Set down the full listing below word for word; pictures stay out of the copy.

■ **GIVEN INFORMATION**:
=== Section Start ===

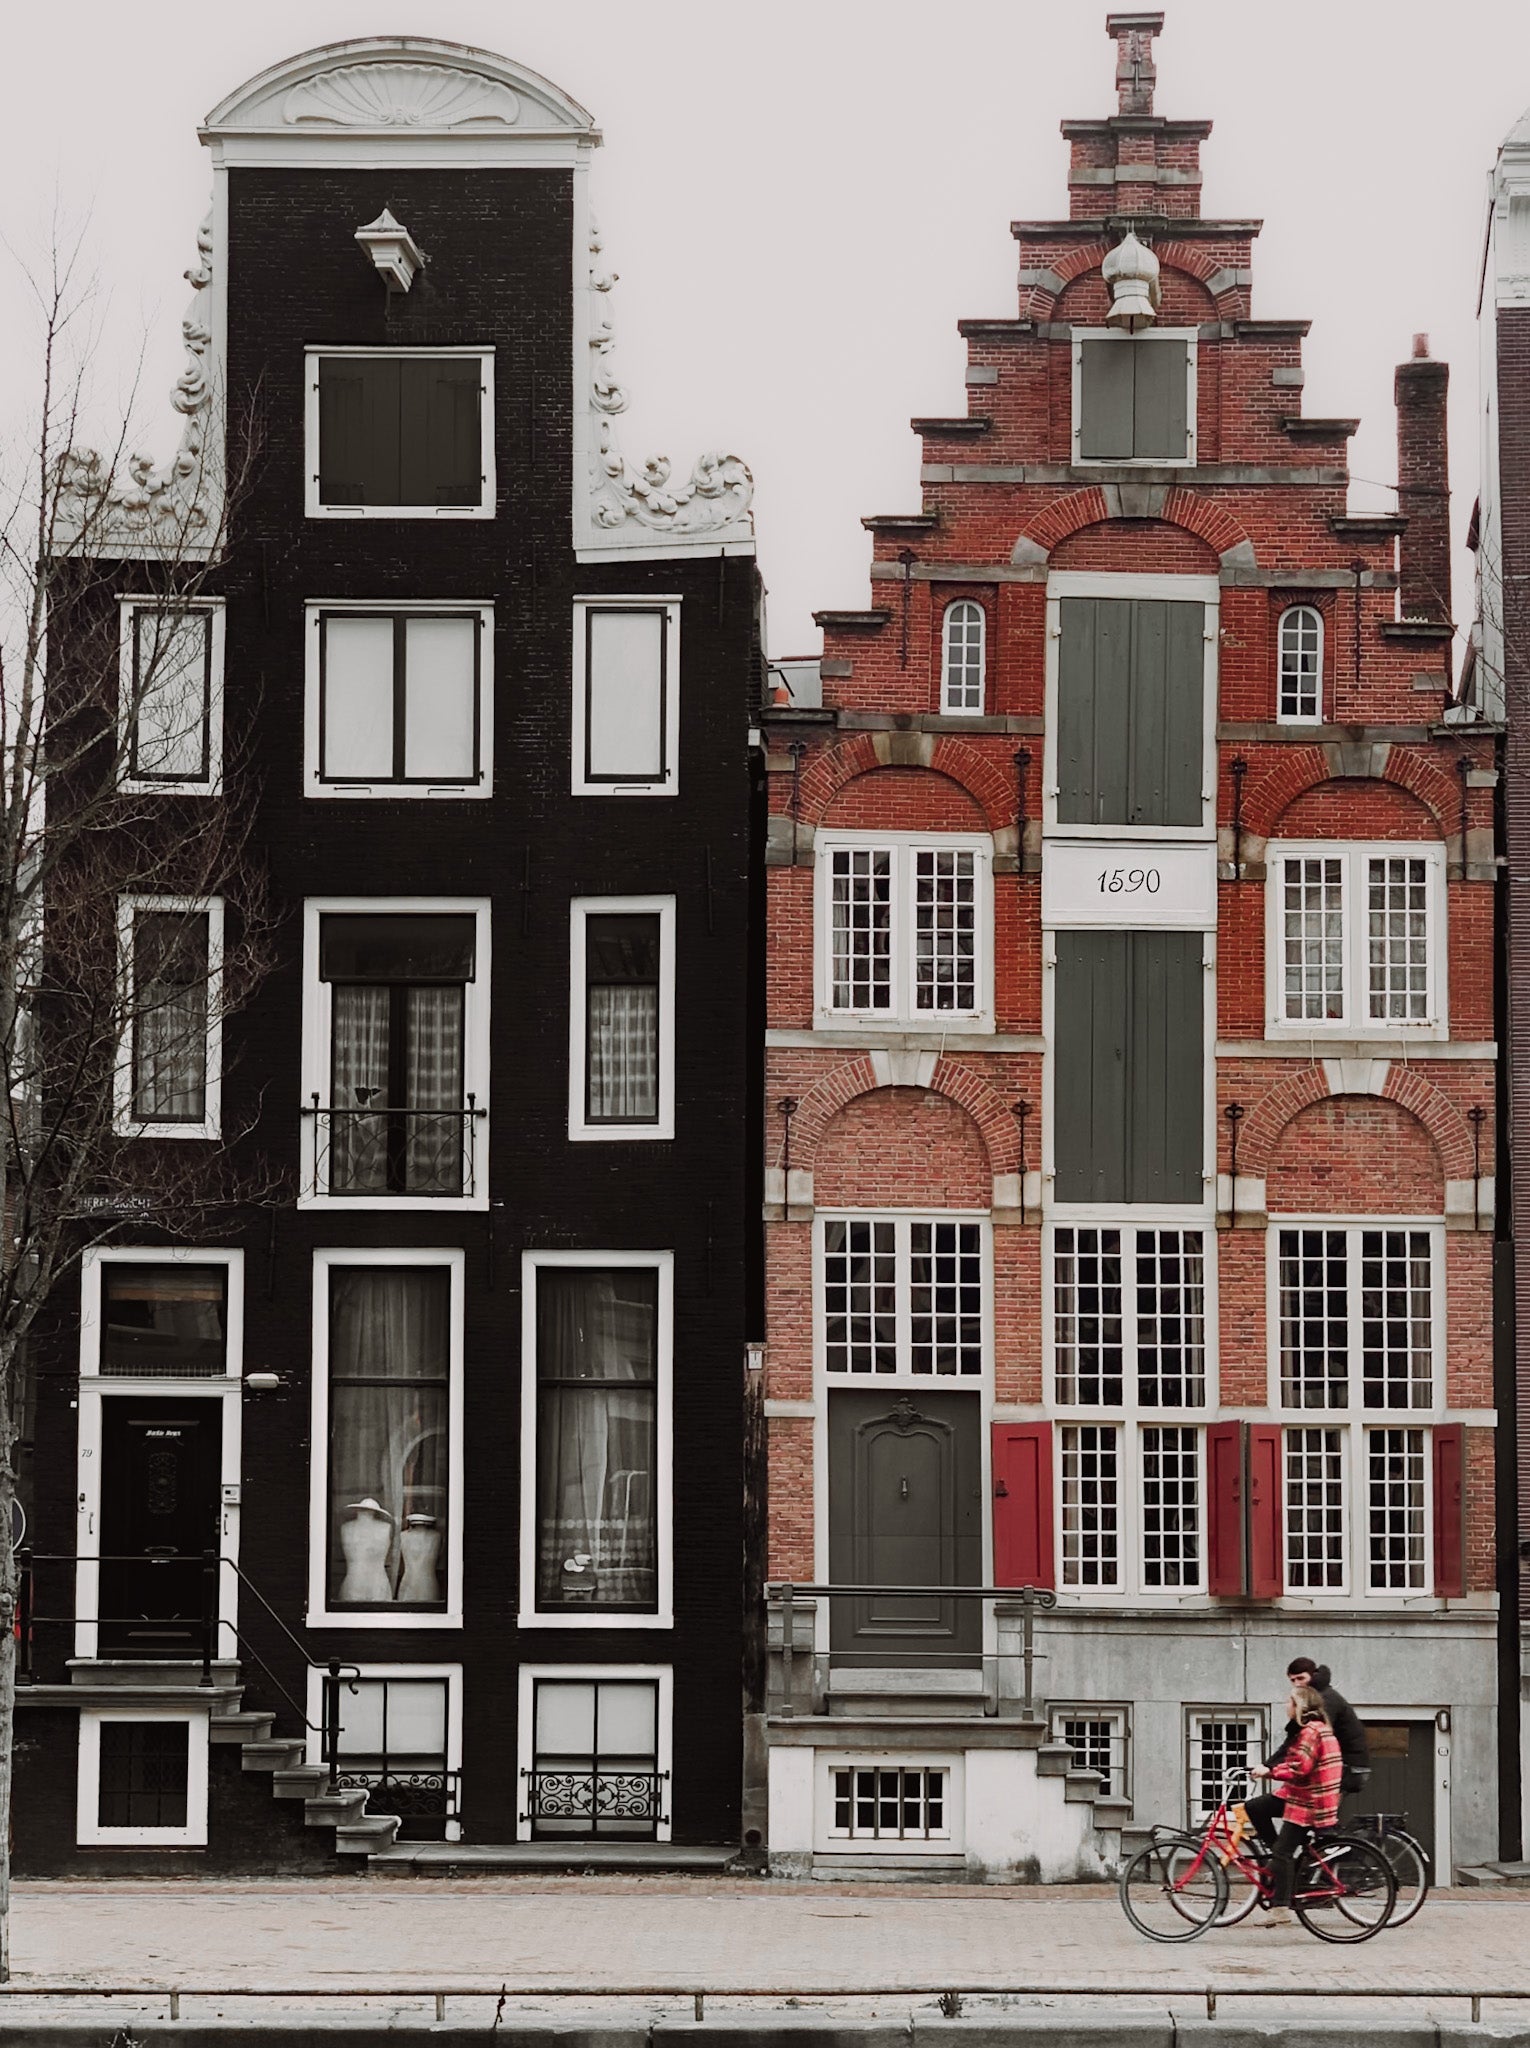 Amsterdam Herengracht
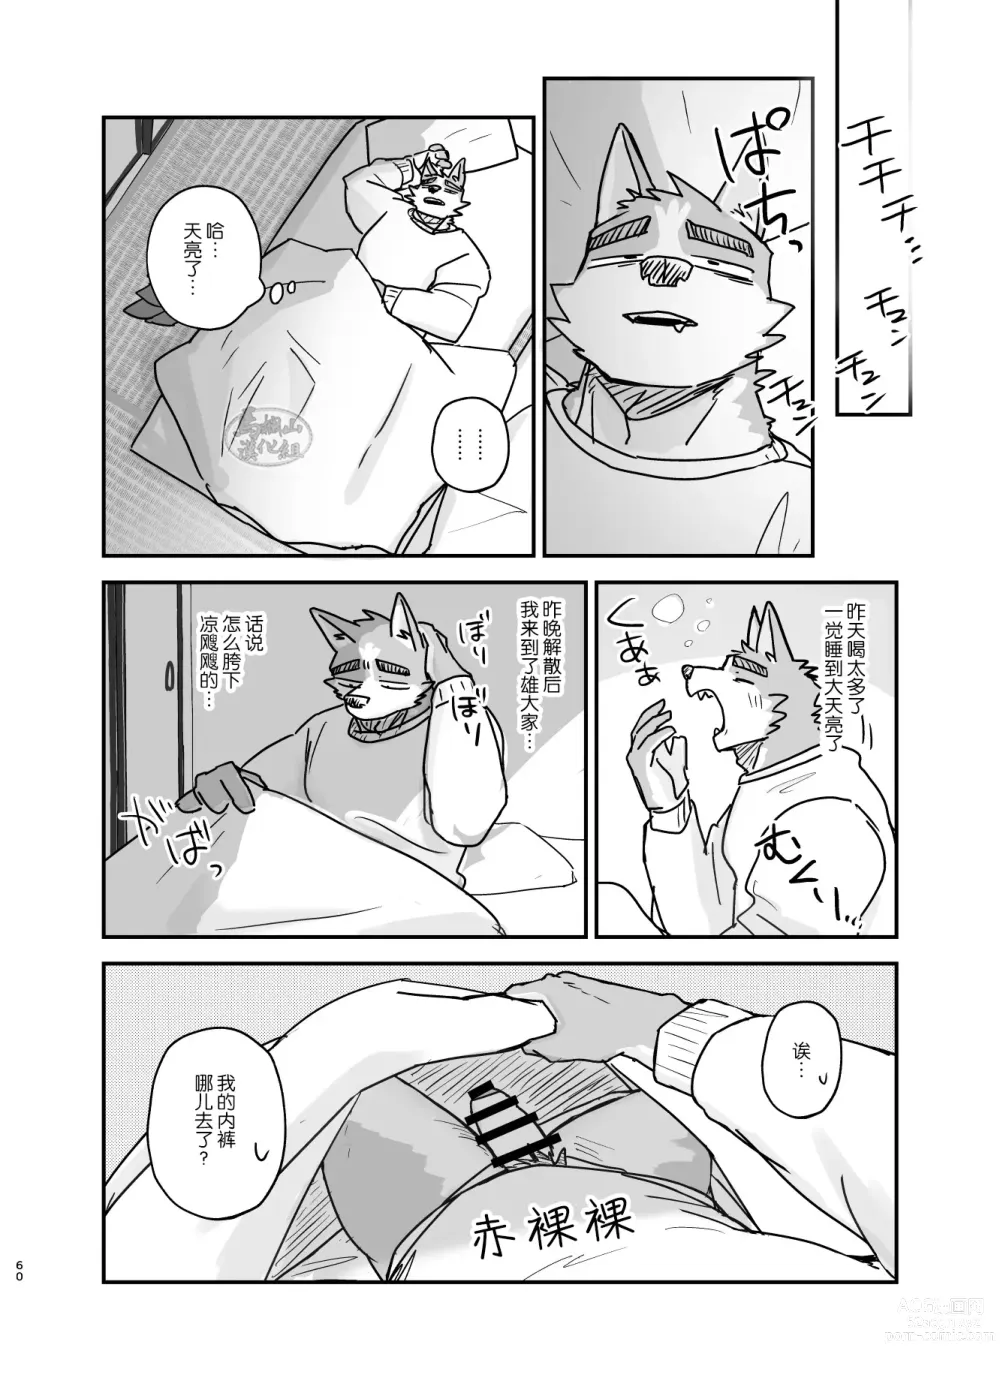 Page 59 of doujinshi 梦乡时分的情事
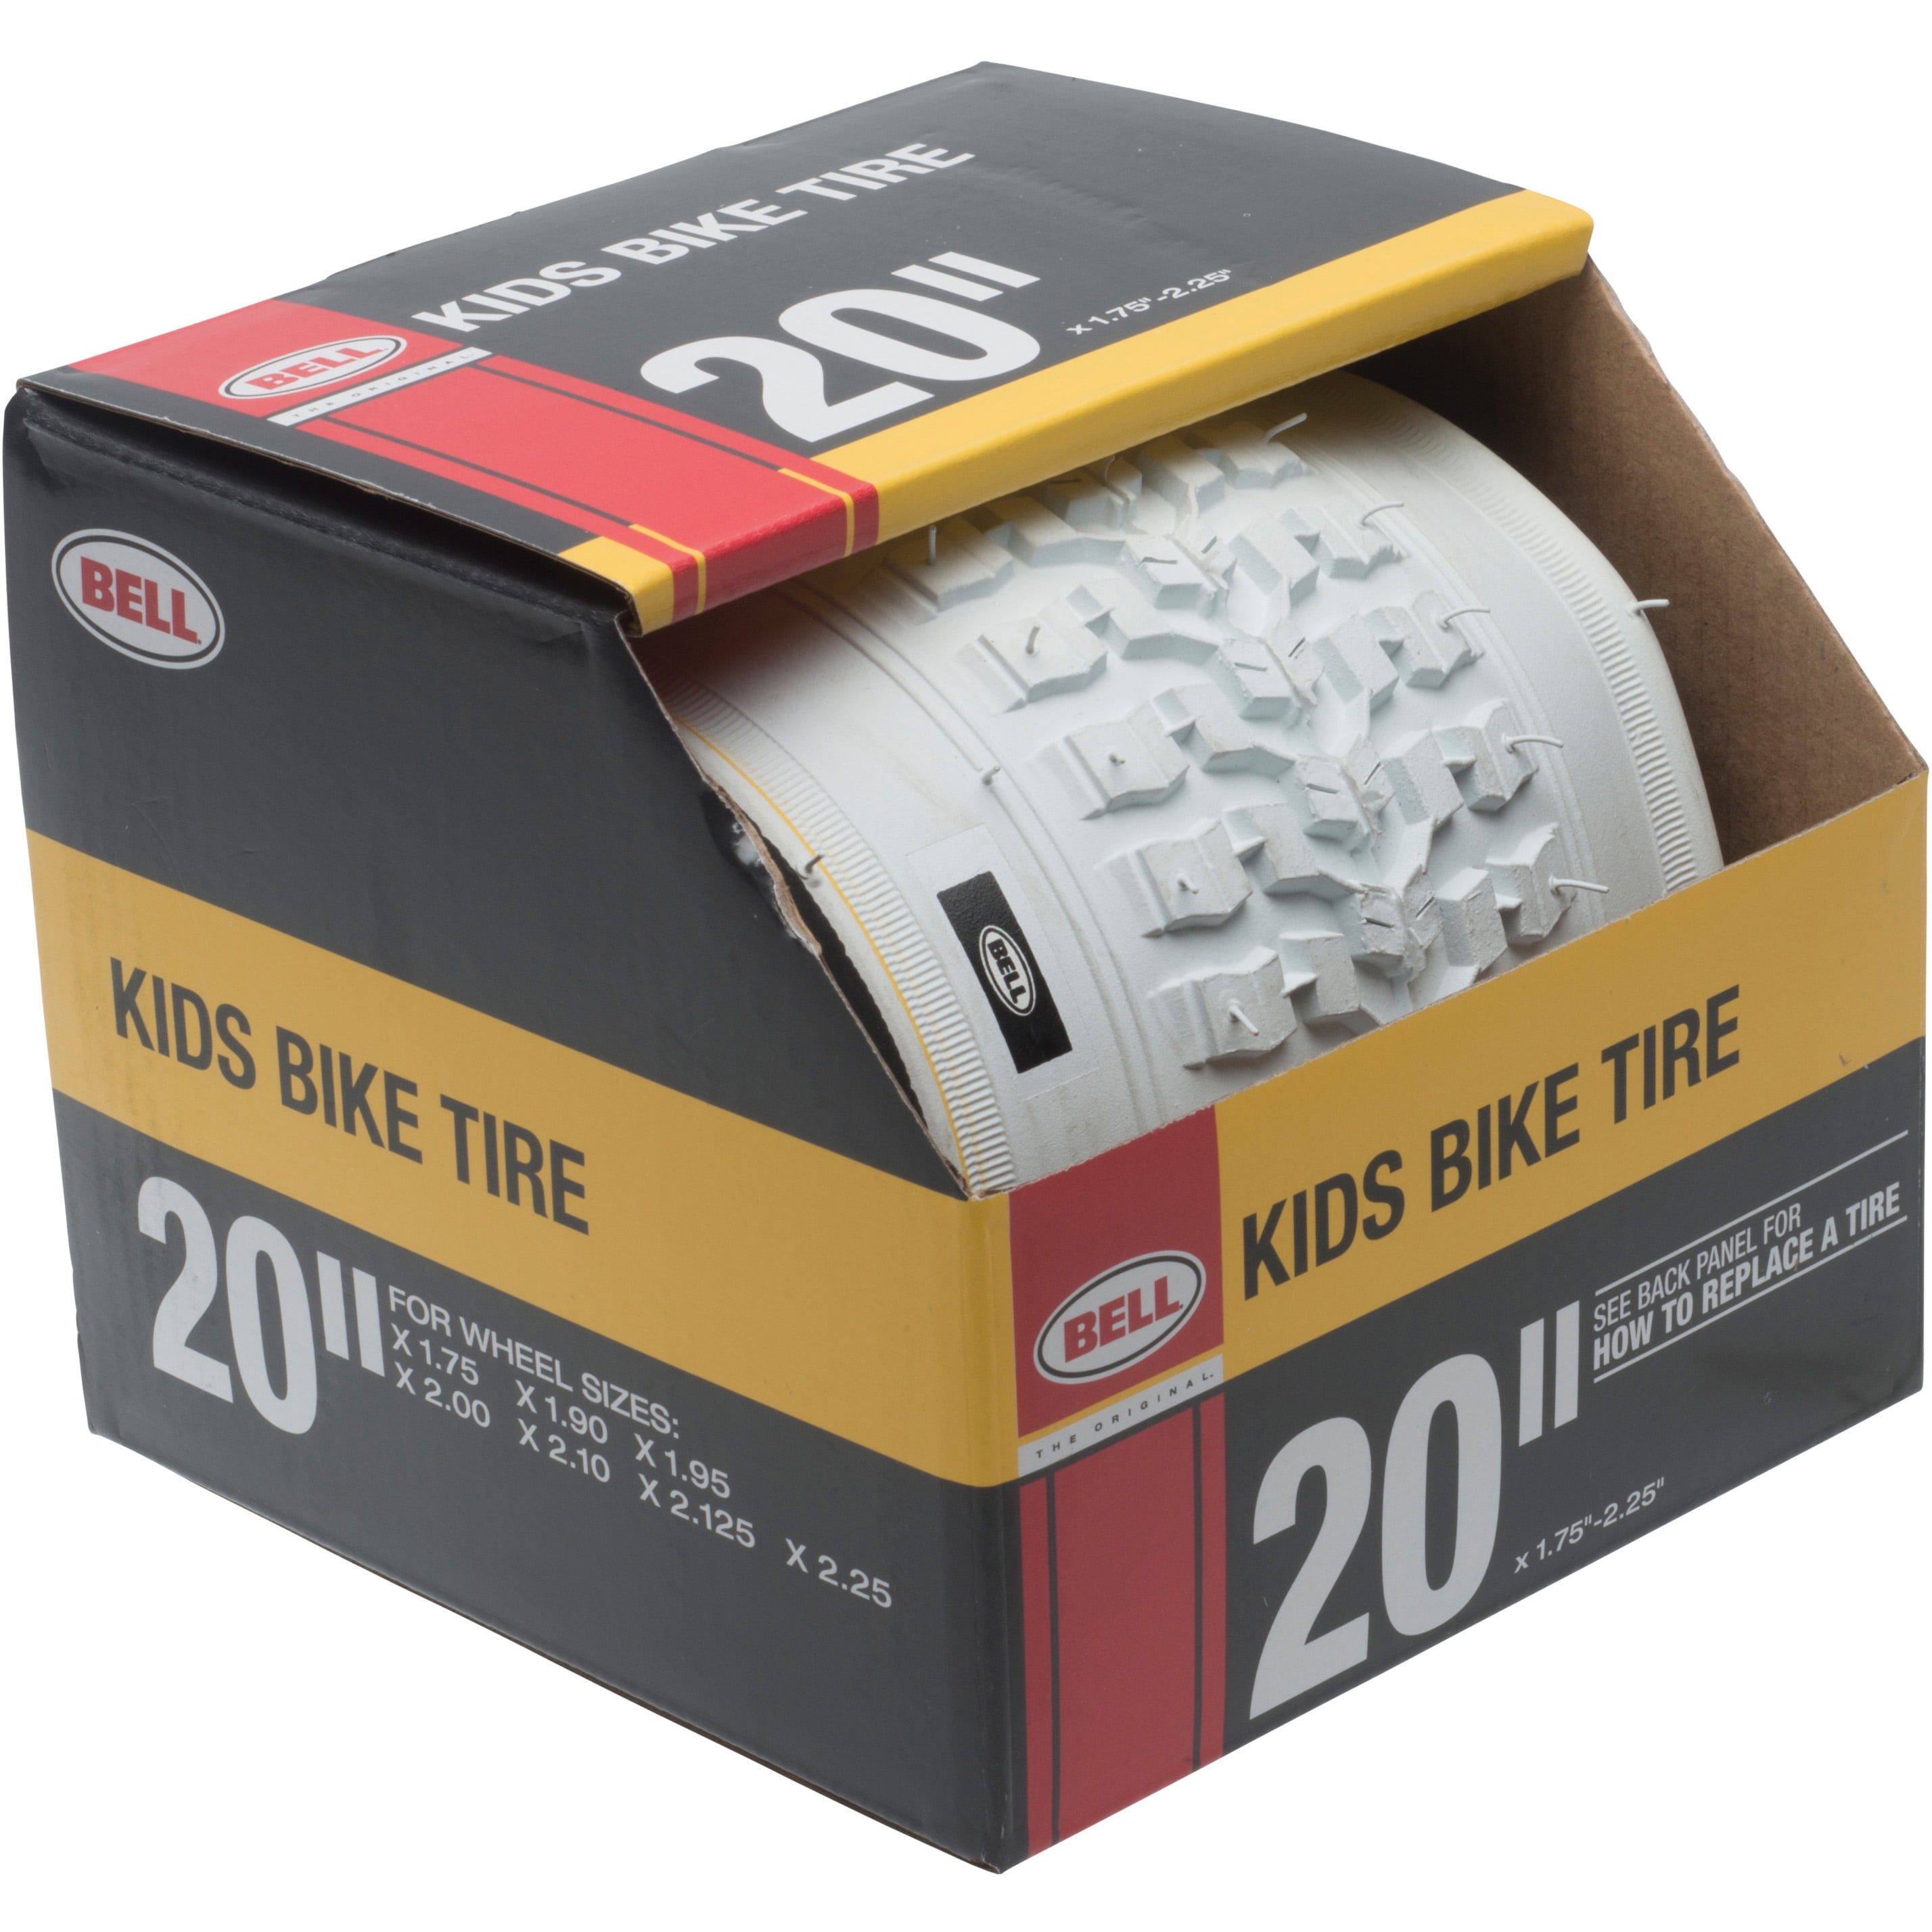 Outdoor Supplies 125 Kids Bike Tire Thicken Outer Tire for Bike Racing Favor Professional 14x2 Random Pattern

=== Section End ===

■ **OUTPUT BELOW**:
 Amsterdam Herengracht
 Page 59 of doujinshi 梦乡时分的情事
 Outdoor Supplies 125 Kids Bike Tire Thicken Outer Tire for Bike Racing Favor Professional 14x2 Random Pattern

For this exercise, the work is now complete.